» TASK DIRECTIONS
Output all of the lines below exactly, and leave out each image.

» INFORMATION PROVIDED
[Start of section]

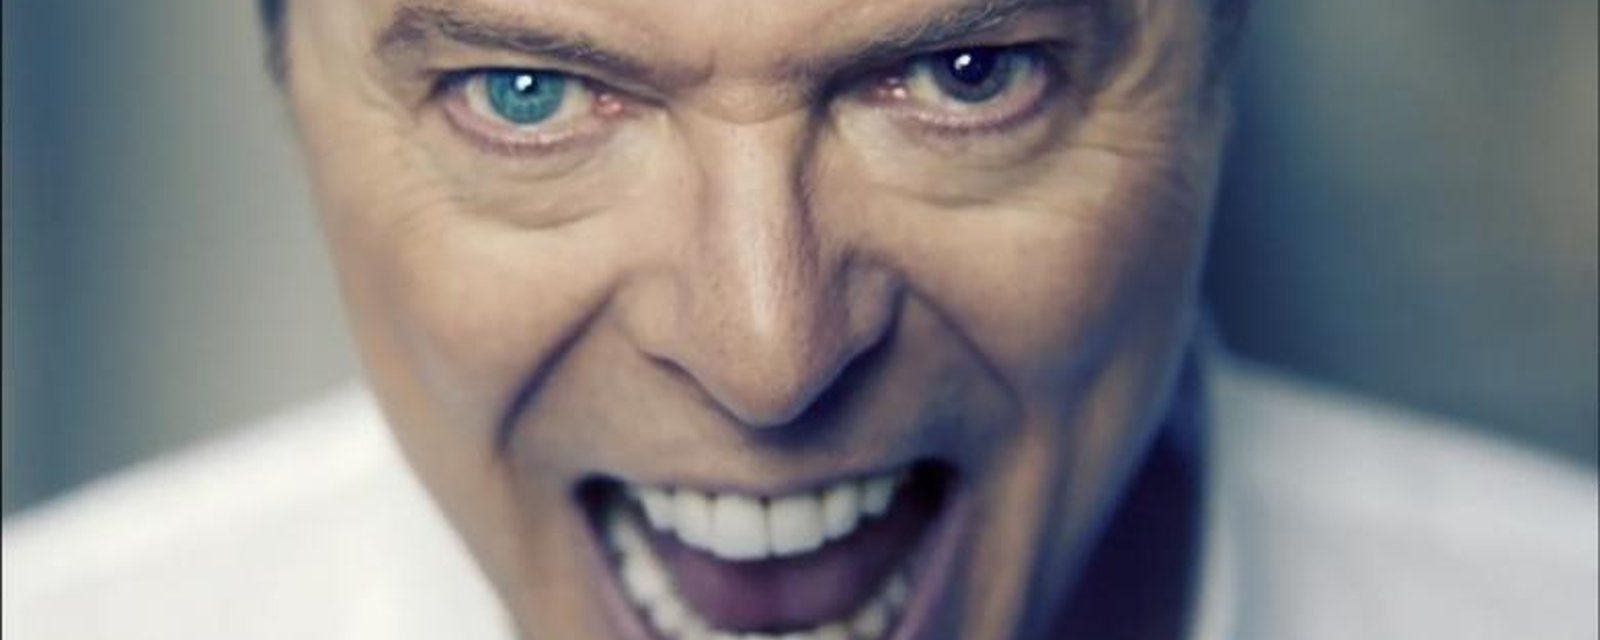 De troublants et violents incidents du passé de David Bowie refont surface
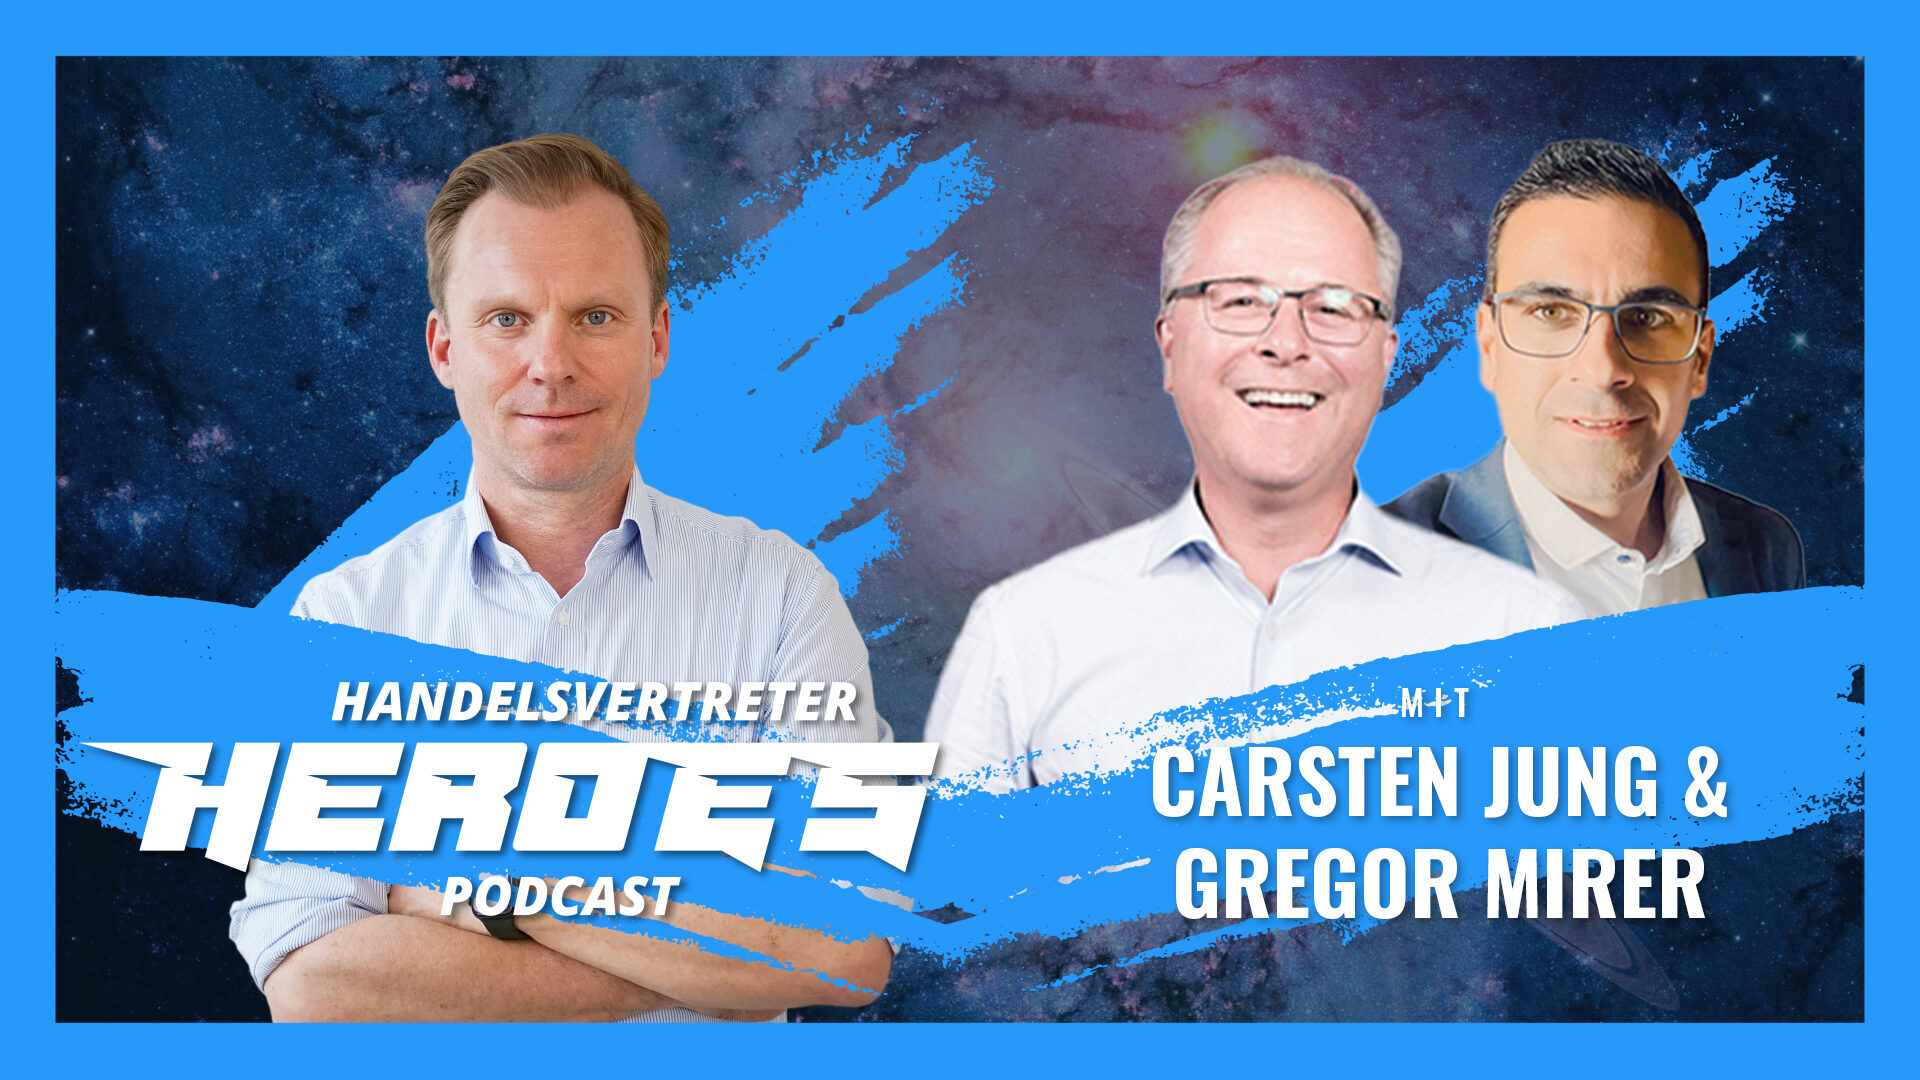 Andre Keeve, Carsten Jung & Gregor Mirer
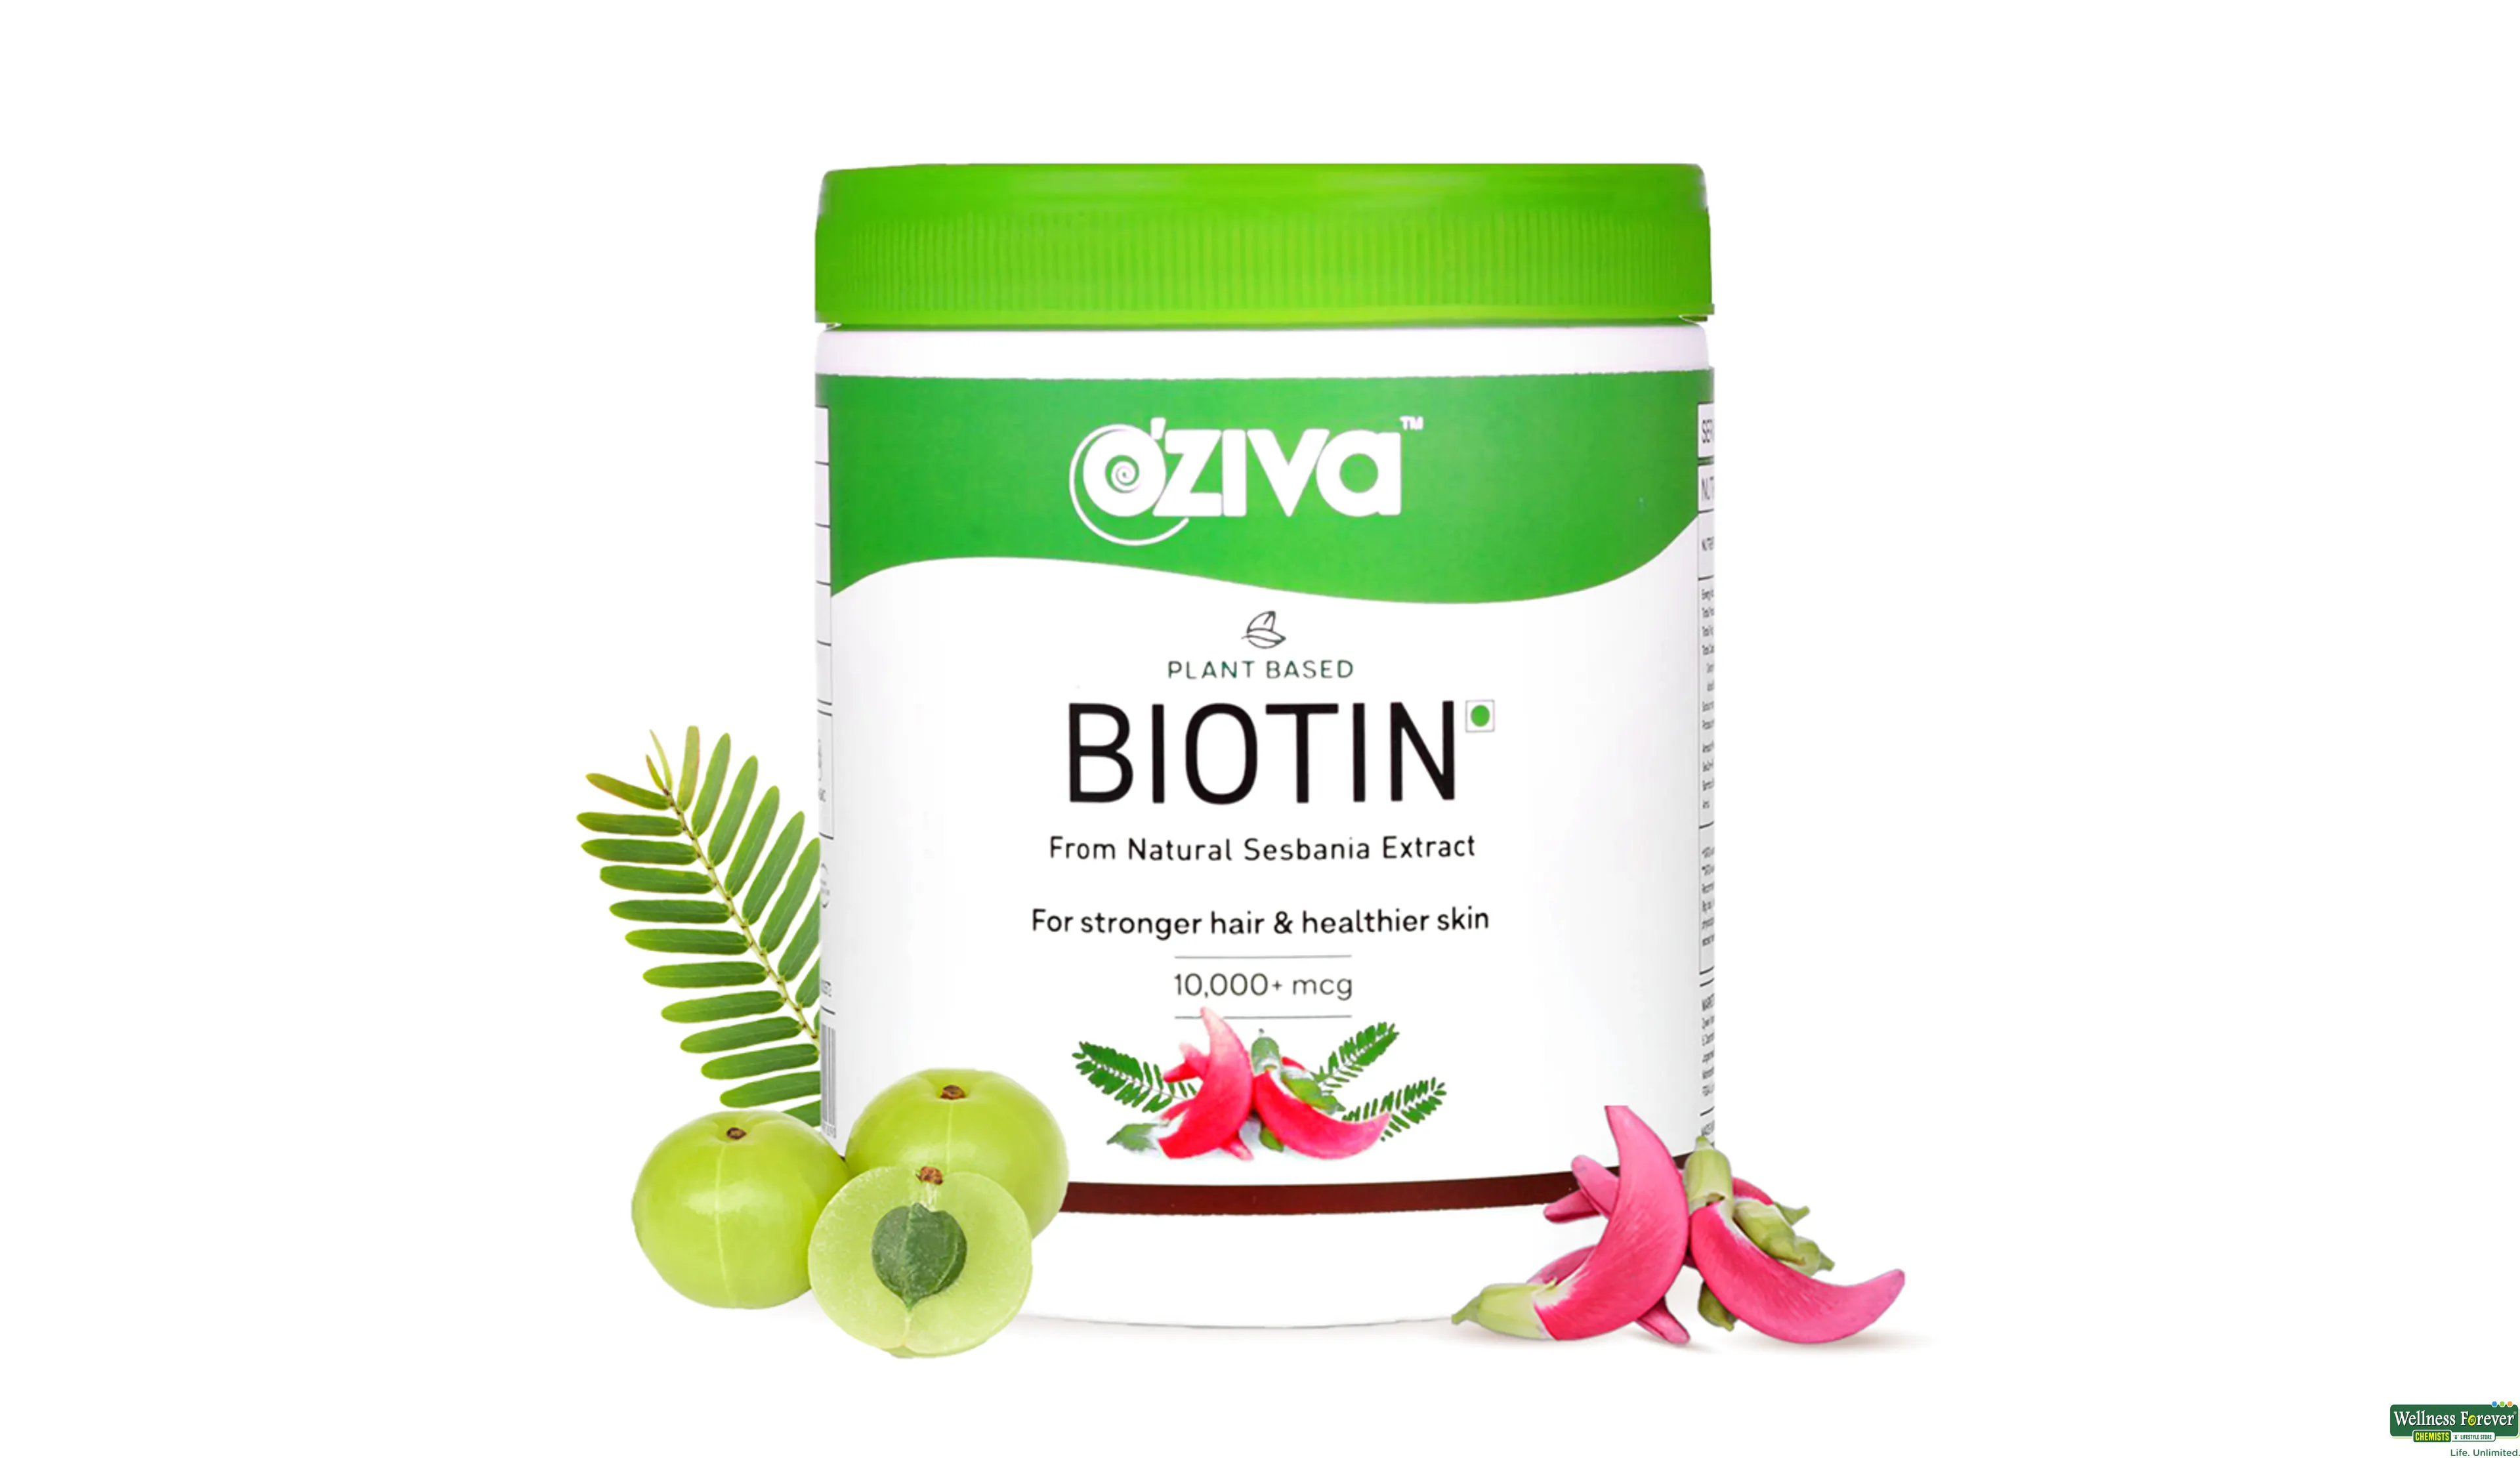 OZIVA PLANT BASED BIOTIN 125GM- 1, 125GM, 
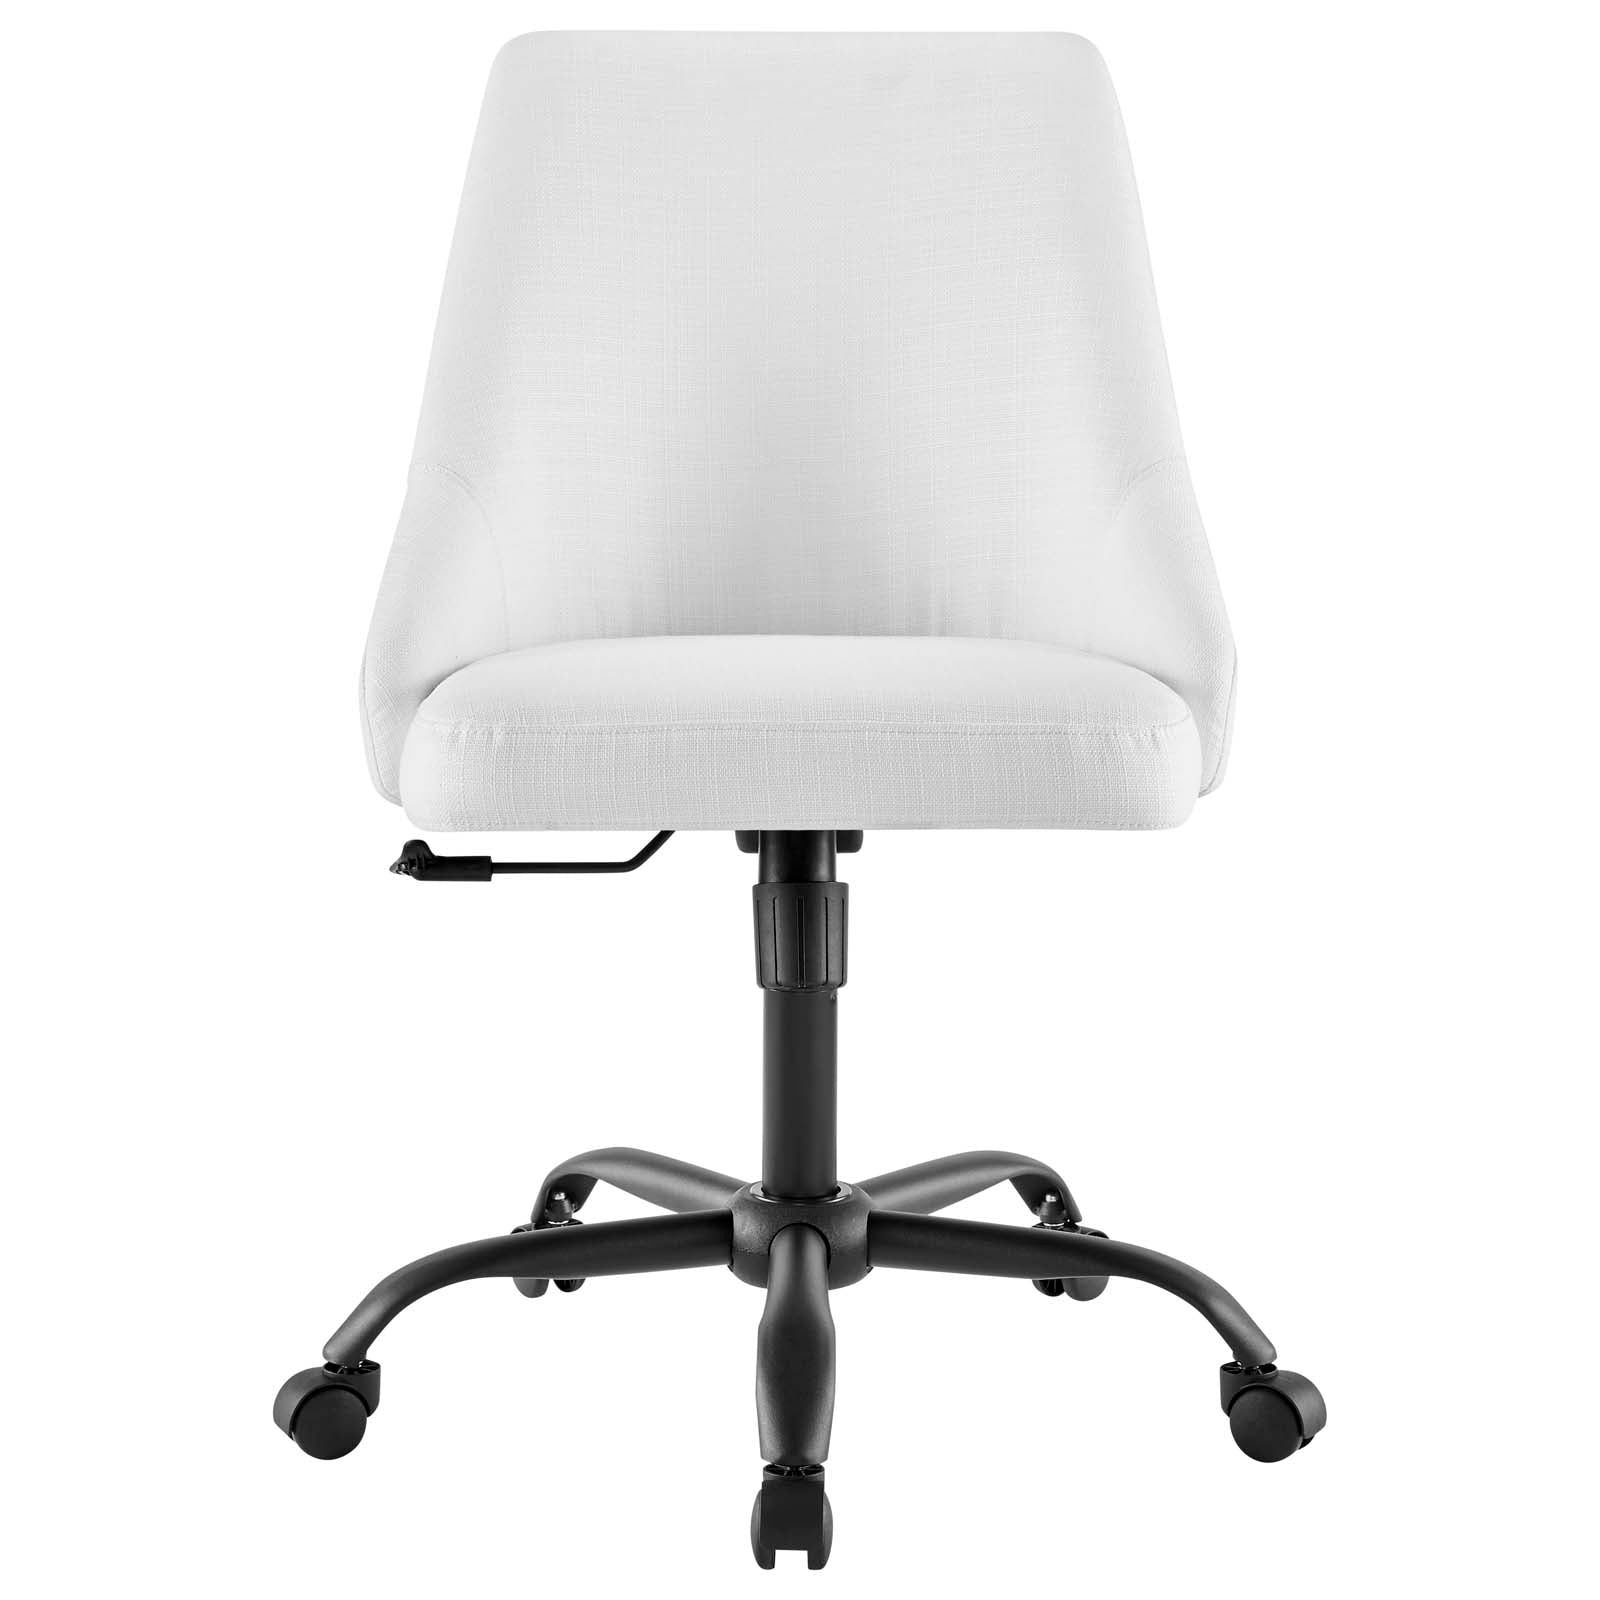 Designate Swivel Upholstered Office Chair - East Shore Modern Home Furnishings

[End of section]

» RESPONSE BELOW
 De troublants et violents incidents du passé de David Bowie refont surface
 Andre Keeve, Carsten Jung & Gregor Mirer
 OZIVA PLANT BASED BIOTIN 125GM- 1, 125GM, 
 Designate Swivel Upholstered Office Chair - East Shore Modern Home Furnishings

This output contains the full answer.